Human decides scope; LLM renders inside. Clustering is a proposal. Every merge waits for explicit user confirmation. Body reconciliation is rendering — safe for the LLM once the user has confirmed the files describe the same NPC.
Aliases flow uphill, nothing is lost. Every variant name from every loser becomes an alias on the canonical, in both YAML and body form.
Always back up first. The tarball exists before anything is deleted. If the tarball creation fails, abort — no safety net, no run.
State pins rejections. A cluster the user has rejected as "different NPCs" must never be re-proposed in a future run.
Atomic per-batch. Complete one batch fully (writes → deletes → state update → summary) before starting the next. Interruption leaves the dossier dir in a consistent state.
Filename similarity ≠ same NPC. From the process dump: dren ≠ dren_halveth, dala ≠ dalia, krell ≠ lieutenant_krell, rannos / ranos_davl / ranus_duval are three NPCs, not one. Always surface contradictions before assuming a merge.
Garbage filenames are real. LLM error responses saved as filenames happen.
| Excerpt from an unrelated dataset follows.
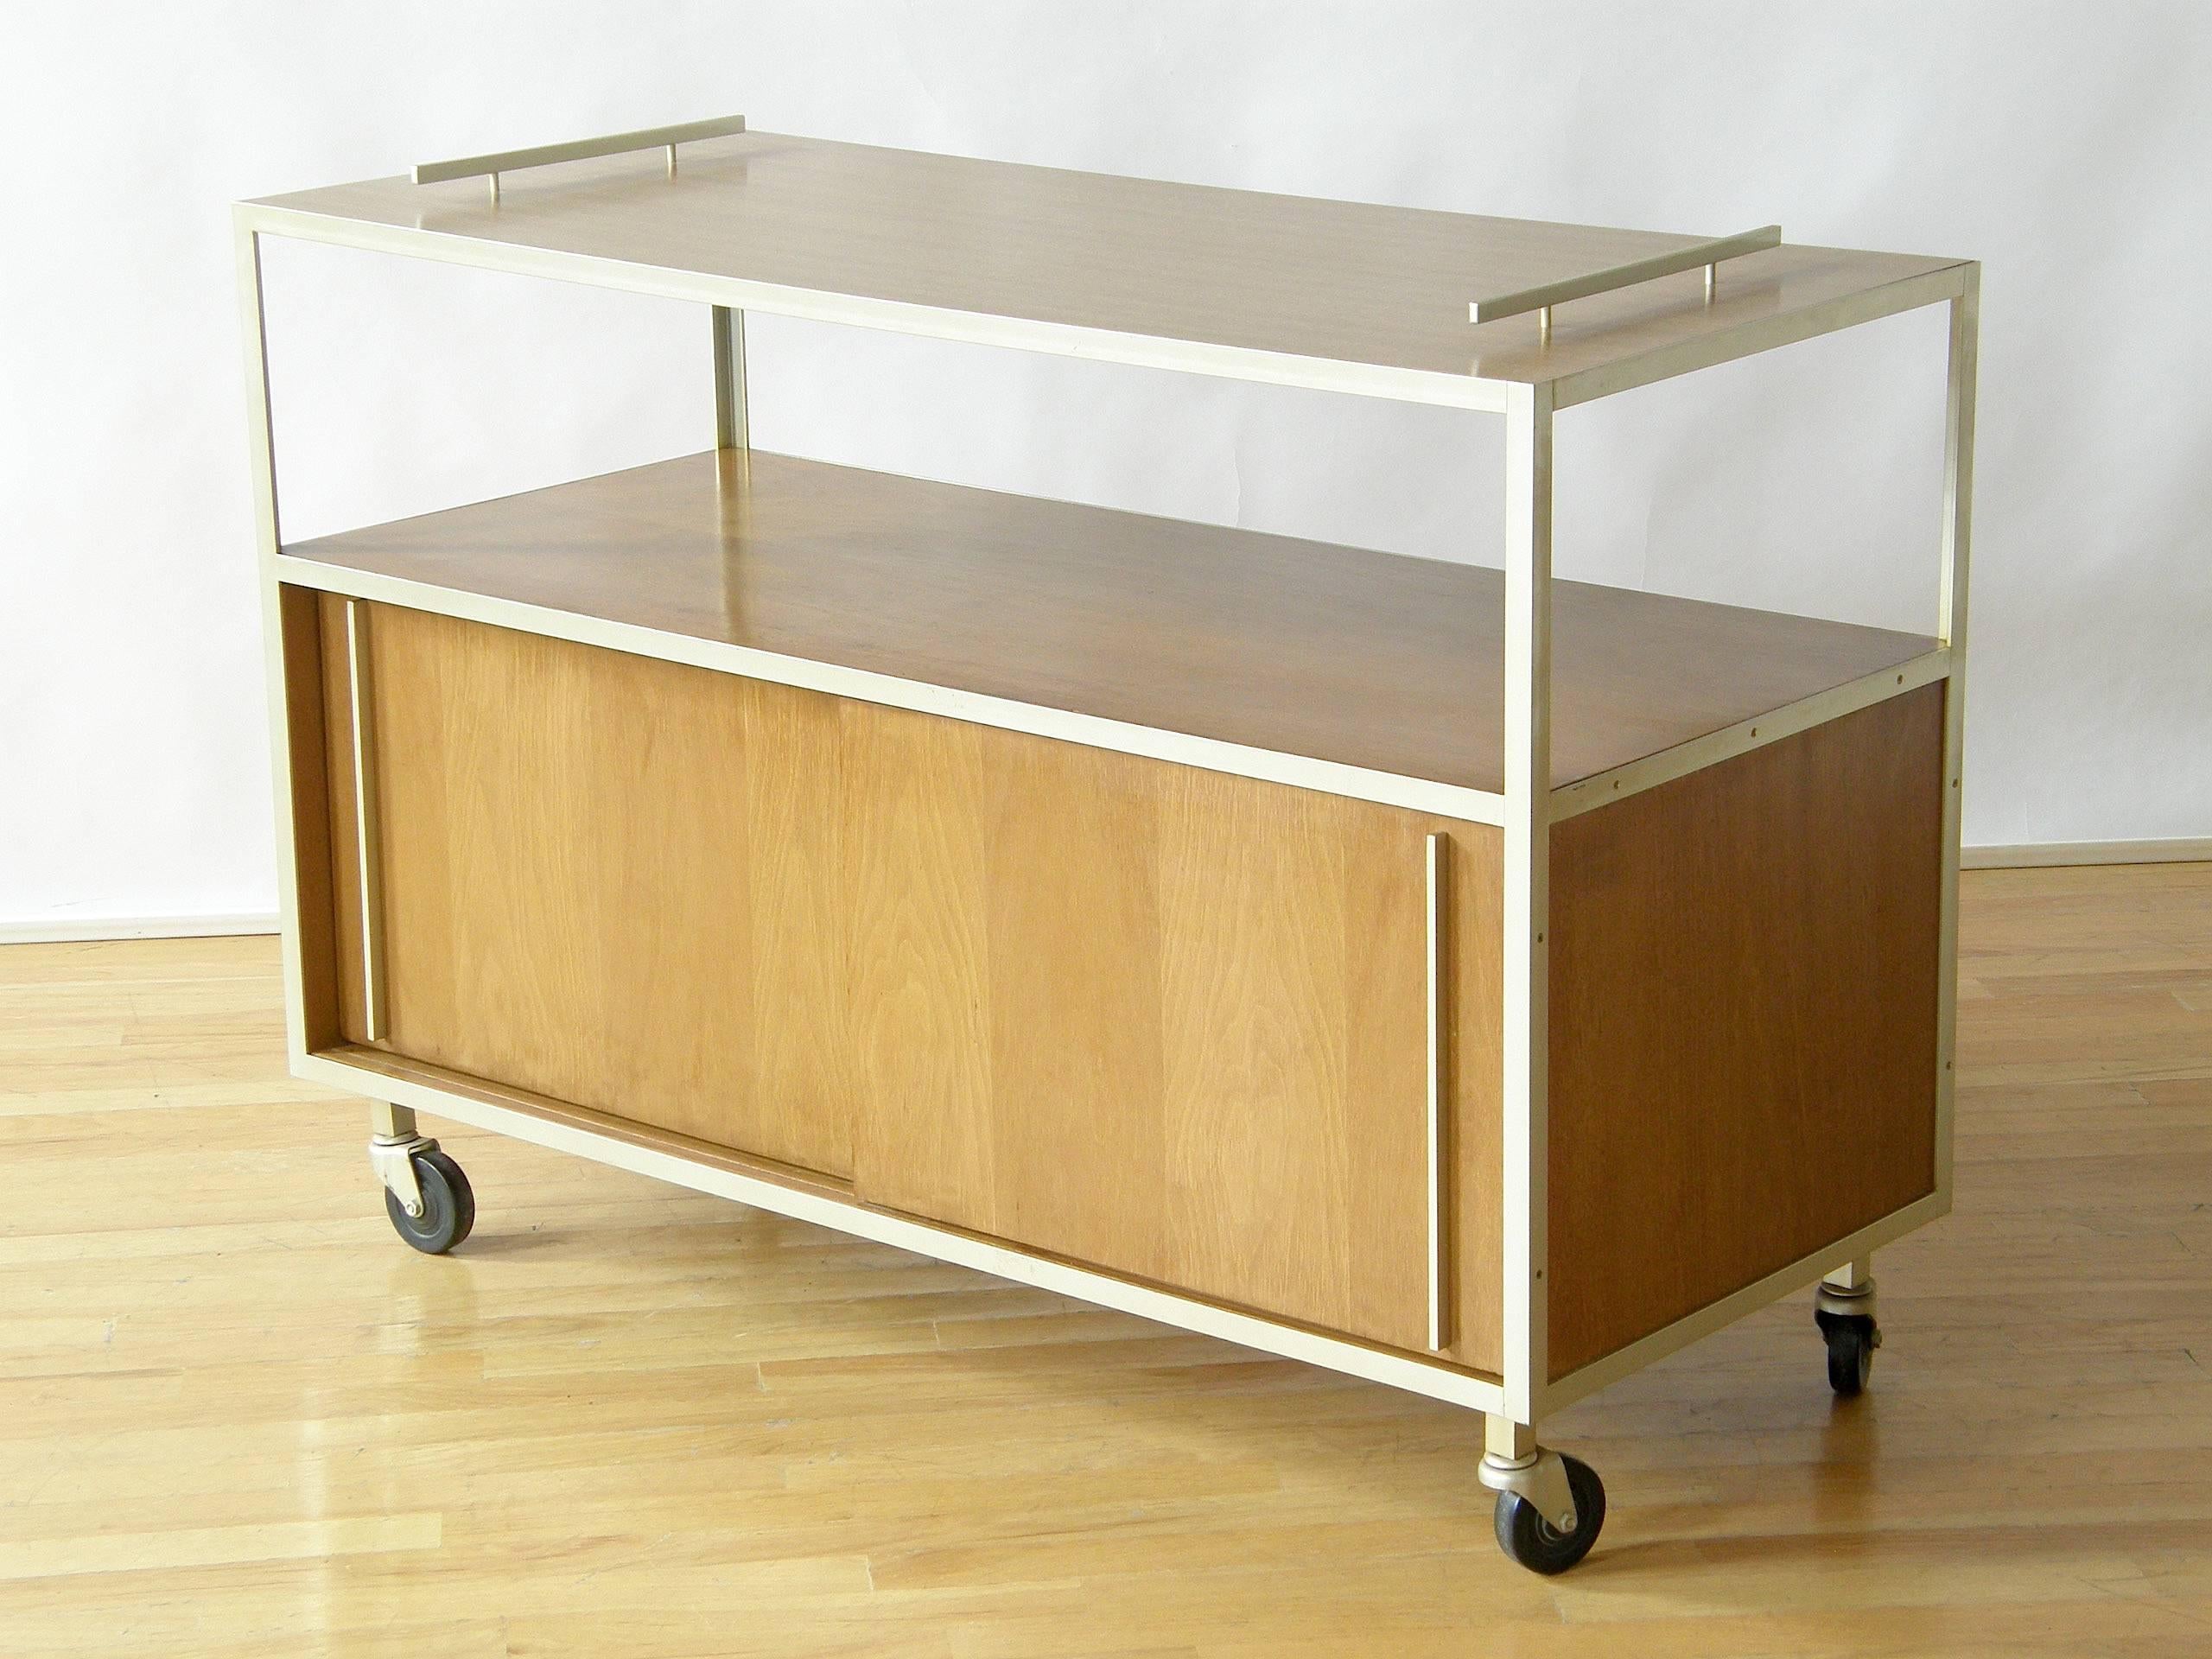 Utilitarian, late 1950s serving cart with a laminated top surface for protection against spillage, an open shelf below that and a large, closed storage area in the bottom section with sliding doors.

Please contact us if you have any questions.

Detect them, confirm with the user, delete outright.
Compound filenames signal prior punts. brother_eldin_brother_eldrin.md is the previous pass's unresolved ambiguity. Treat as a cluster.

Output

Dossier directory: merged in place with canonical files carrying YAML + body aliases
<parent>/<dossier-dir-name>.backup-<timestamp>.tar.gz: restore point (user should rm when satisfied)
<dossier-dir>/.dedup_state.json: persisted decisions for resumable runs
Console summary per batch and final counts

The user should re-run planning.py synthesize after the skill completes to regenerate planning.md with aliases resolved.